The SWC in a statement by its State Publicity Secretary, Jackson Adebayo, described the meeting called by former State Assembly member, Dr. Samuel Omotosho on behalf of the former governor, scheduled for Afao Ekiti on Tuesday 10th Dec, 2019, as illegal, unconstitutional and without its backing.
But the former governor said he was extending olive hand to all aggrieved members of the party in the state to work together in unity in the overall interest of the PDP.Fayose said the party must be repositioned ahead of future elections; warning that it was only in unity that PDP could win future elections. He said: “We are on a mission to repositioning the party because truly we need a new attitude as members of this party. We must tell ourselves the truth that there is nothing to share in failure and we must join hands to achieve something tangible.

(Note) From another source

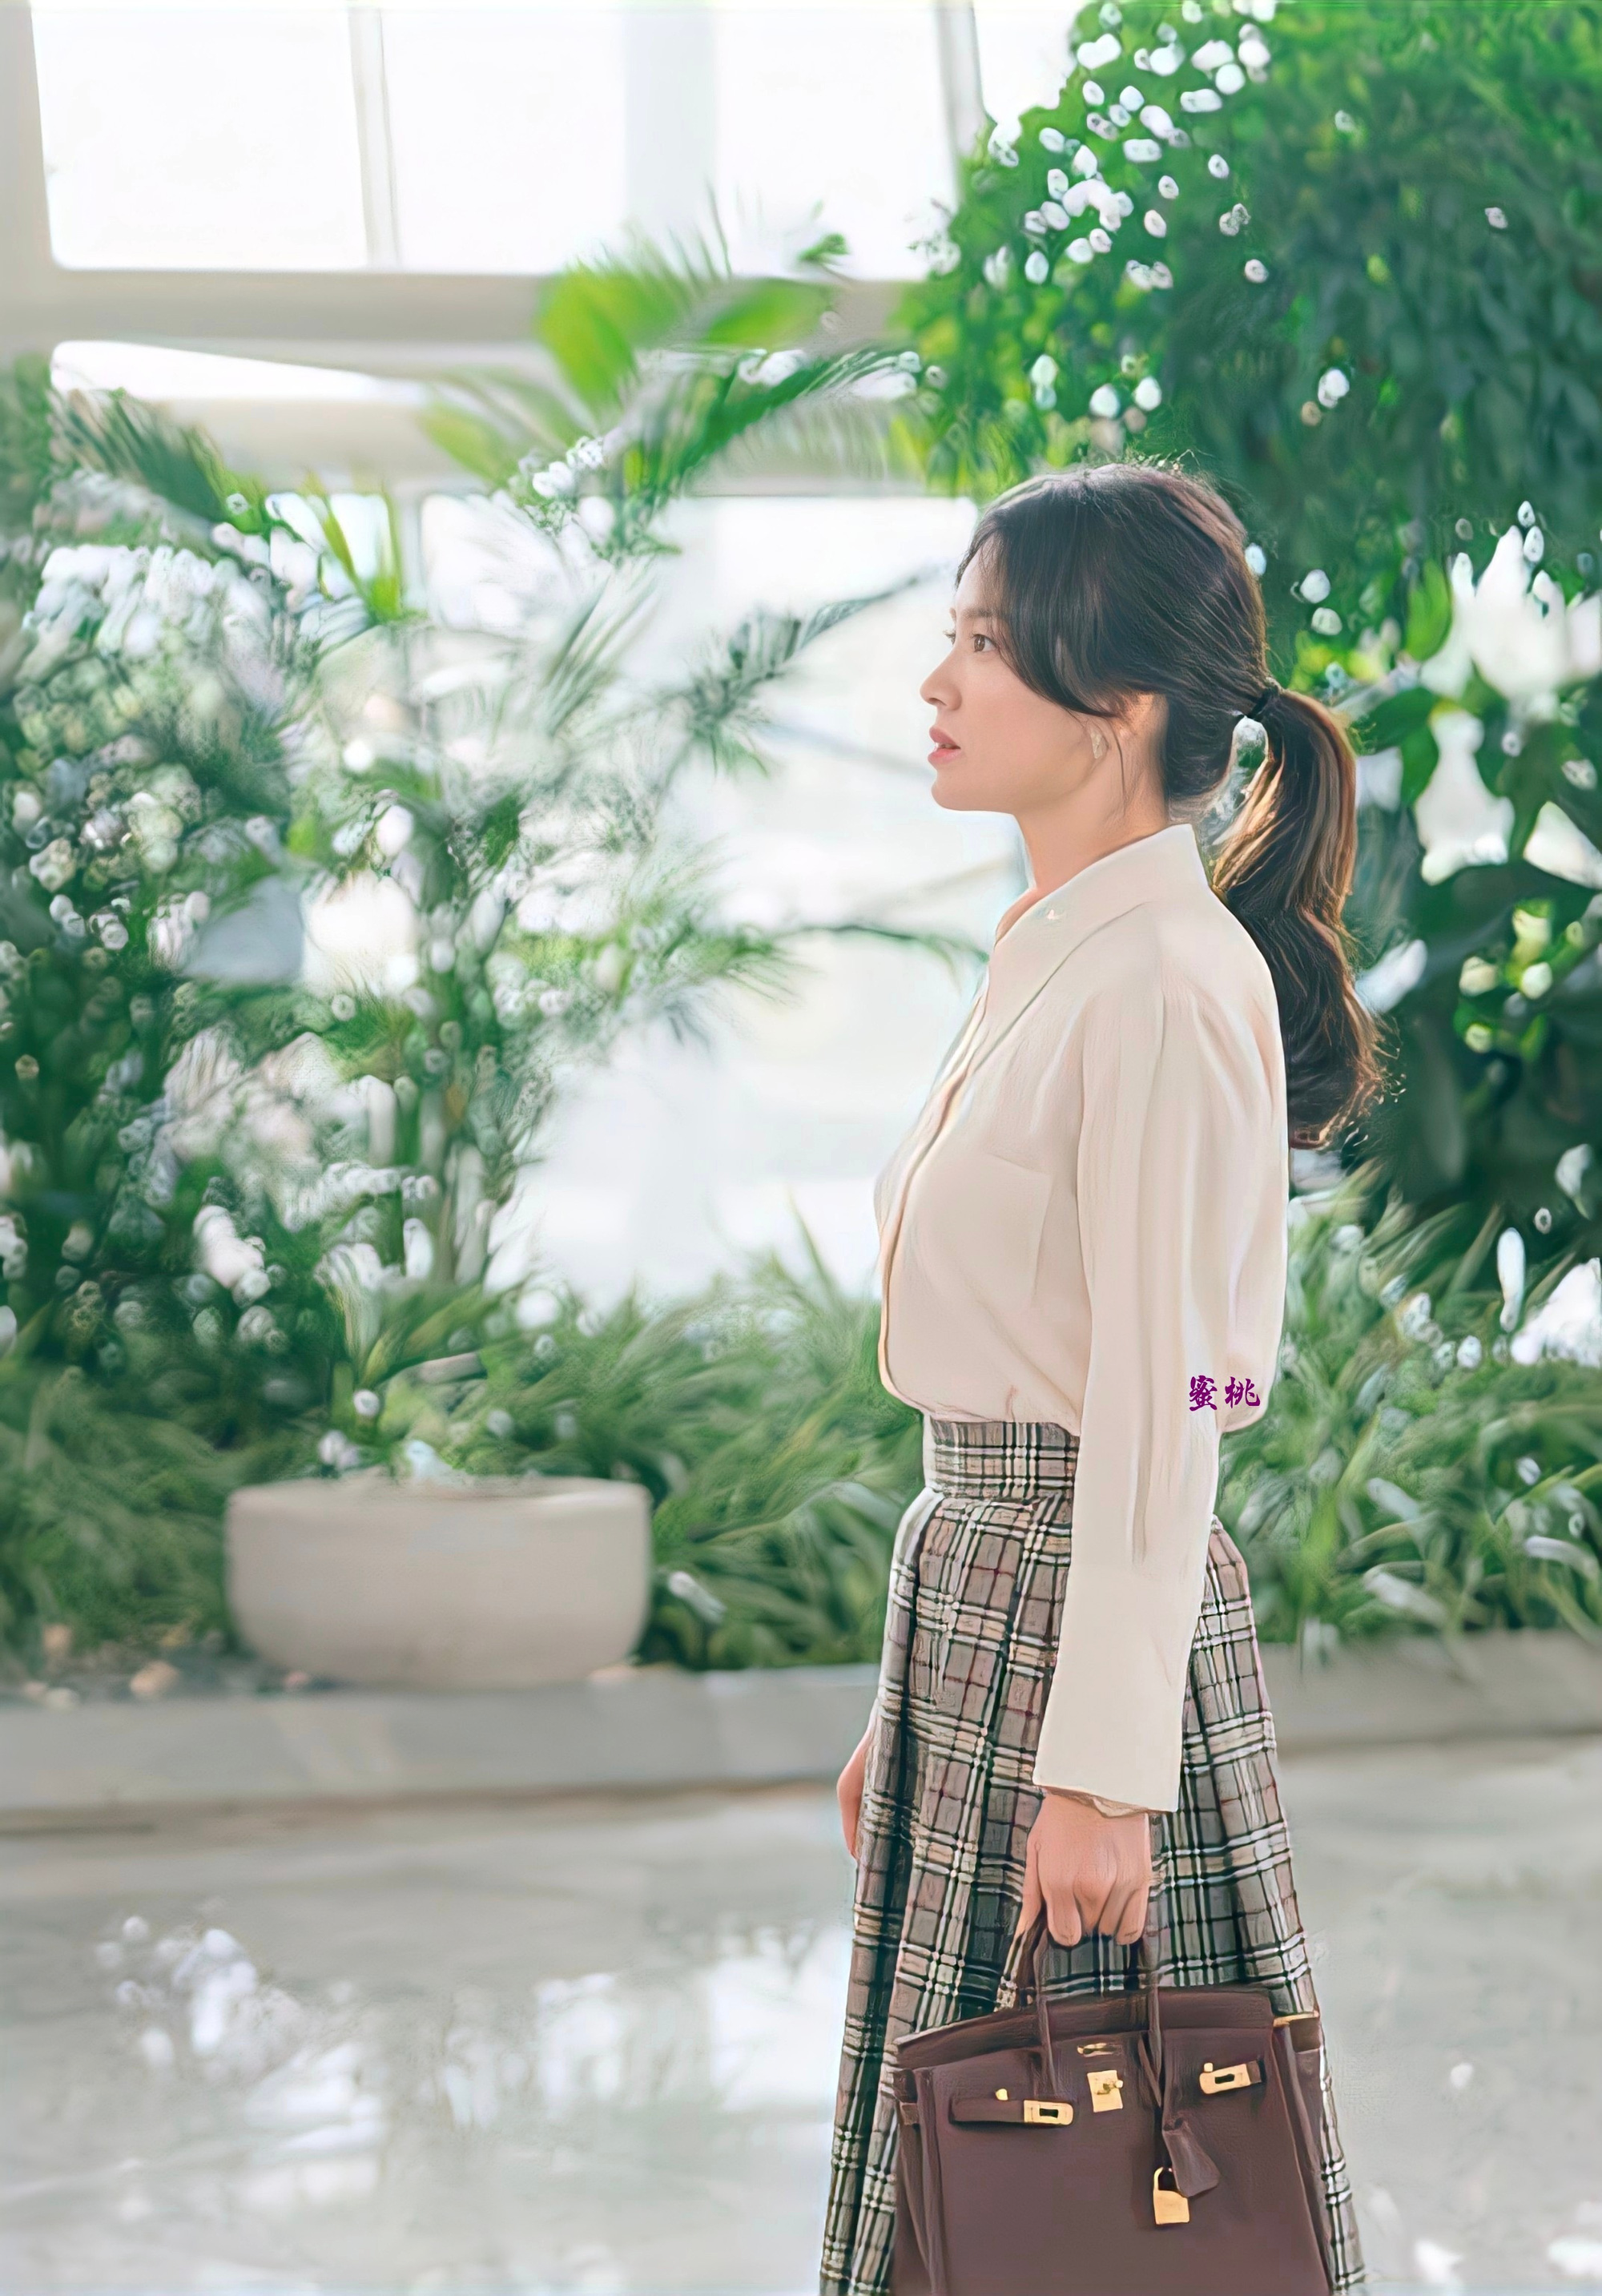 Song Hye Kyo phim mới Song Hye Kyo khiến dân tình xỉu ngang xỉu dọc vì bạo chi cho &quot;bom xịt&quot; nhưng bóc mác xong mới thấy: Thường thôi! - Ảnh 4.

” I know some persons are aggrieved and I know we are humans. I apologise to all those that I have offended; let us come together in unity for this our party not to die in this state. That is my priority as the leader. I am doing this one year after I left office just to allow the present All Progressives Congress to display what they have for the people and you can all see for yourselves. I am not here for my selfish interest but just to ensure this party does not fail.”
Fayose who used the meeting to officially congratulate Senator Biodun Olujimi on her recent victory as the lawmaker representing Ekiti South senatorial district noted that she remains the leader of the party in the state.While explaining that creating different groups within the party would not be the best option, he assured that all issues and tendencies would be resolved for the party to reclaim the state from the APC in future elections. ” Everybody should come back to the party. I plead with Senator Biodun Olujimi, Duro Faseyi and others to forgive and forget, even though I know I have not wronged anybody. It is my duty to ensure that this party didn’t fall. Don’t let us divide the party. If Senator Biodun Olujimi calls you for meeting tomorrow, go there and listen to her,” he said.
In truth, the PDP needs genuine reconciliation and repositioning, if it intends to survive its political quagmire and go ahead to challenge the APC in 2022 governorship poll.In the opinion of Fayose, no single individual could make the party win future elections, which is why all hands must be on the deck.
A leader of the party who does not want his name in print, said apart from reading political meaning to Fayose’s gesture, “it takes courage to say ‘I am sorry’. “The man has demonstrated that the strength of a politician is the ability to rally people when it matters.”
According to him, it is left for the estranged combatants to seize the current while it lasts and embrace the olive branch extended to them by Fayose. In his view, anyone who refuses to embrace the peace move is selfish.
It remains a matter of conjecture whether Olujimi and other aggrieved leaders of the party would follow the line of reconciliation being charted by Fayose.
Only time will tell how this would play out.